I'we been wondering why none of the library classification systems have emerged on the net? Back in the good old days when I relied on the library for the information Universal Decimal Classification system was extremely handy. Even if you didn't know the name of the book you could browse thru a certain category that interested you.
The idea is that a book can belong to a single class that is marked by a decimal schema. Top categories are:
0 Generalities. Information. Organization.
1 Philosophy. Psychology.
2 Religion. Theology.
3 Social Sciences. Economics. Law.Government. Education.
4 (vacant)
5 Mathematics and Natural Sciences.
6 Applied Sciences. Technology. Medicine.
7 The Arts. Recreation. Entertainment. Sport.
8 Language. Linguistics. Literature.
9 Geography. Biography. History.The main categories are defined further down:
61 Medical Sciences. Health.
62 Engineering and Technology Generally.
63 Agriculture, Forestry, Stockbreeding,Fisheries.
64 Domestic Science; Household Economics. .....and further and further:
631 AGRICULTURE
631.1 Farm Management
631.15 PlanningThe classification would be used like KEYWORD meta tag in HTML and search engines would index it. This would enable user to specify word as well as the topic they are looking the information on.
To prevent the misuse of the classification, only one or two classes should be allowed per page. Like
"Marketing of agricultural products" -> 380.13:631
(38 = Trade. Commerce. Communication. Transport.)UDC is language independed and it has already been translated to numerous languages. Also most libraries use some kind of numerical classification so many people are familiar with the concept
To help page authors to classify their pages a special website could be created. It should contain at least
- Information about UDC and why it should be used
- Complete browsable UDC listing in various languages
- Easy to use "wizard" that guides you thru the classification and spits out the correct HTML-tag.
- UDC aware search engine
- Petition list for other search engines to enable UDC classification
How about it? Is it a good idea?
One major problem in the matter is that the UDC classification is copyrighted. I couldn't find more than a skeleton listing from the web! So the first step would be to negotiate the licence for it or to the competing Dewey Decimal Classification. I don't think it would be wise to start building a own scheme without negotiations since both UDC and DDC are in extensive use. But if everything else fails, Gnu Decimal Classification to the rescue!

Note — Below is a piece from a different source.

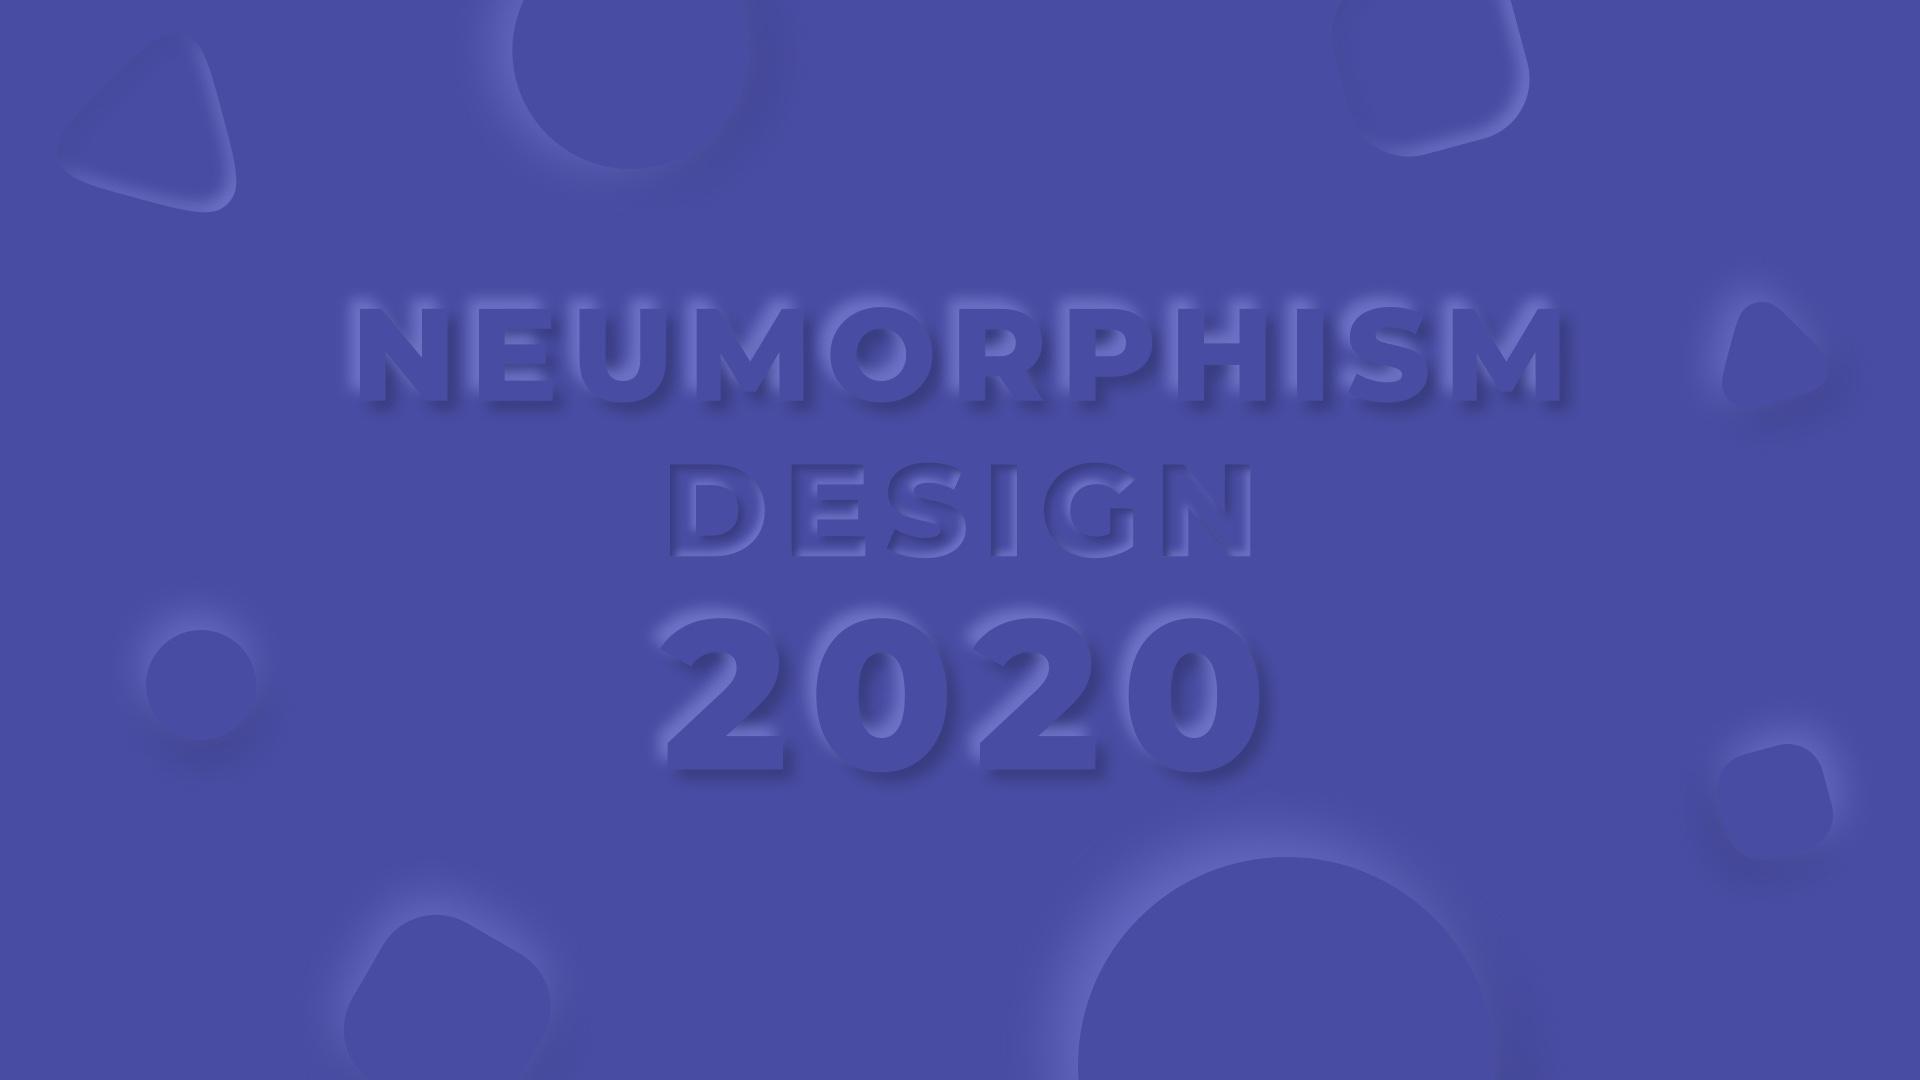 Neumorphism Design 2020

More information about classification on internet see:The role of classification schemes in Internet resource description and discovery
-
I never metadata I didn't like...
Anyone ever heard of metadata? Instead of indexing every word in a document we should be capturing accurate, relevant metadata about it and facilitating the searching of that. As non-text content increases (like mp3s, videos, images, audio streams, animations, etc.) on the internet, the need for a new search paradigm increases as well. Of course there's the the Dublin Core, but much more interesting to me is the IEEE LTSC's work. Their metadata standard, currently at version 3.8, is very close to being finalized. In addition to providing general fields, it also includes some that supposedly facilitate the instructional use of the object of the metadata.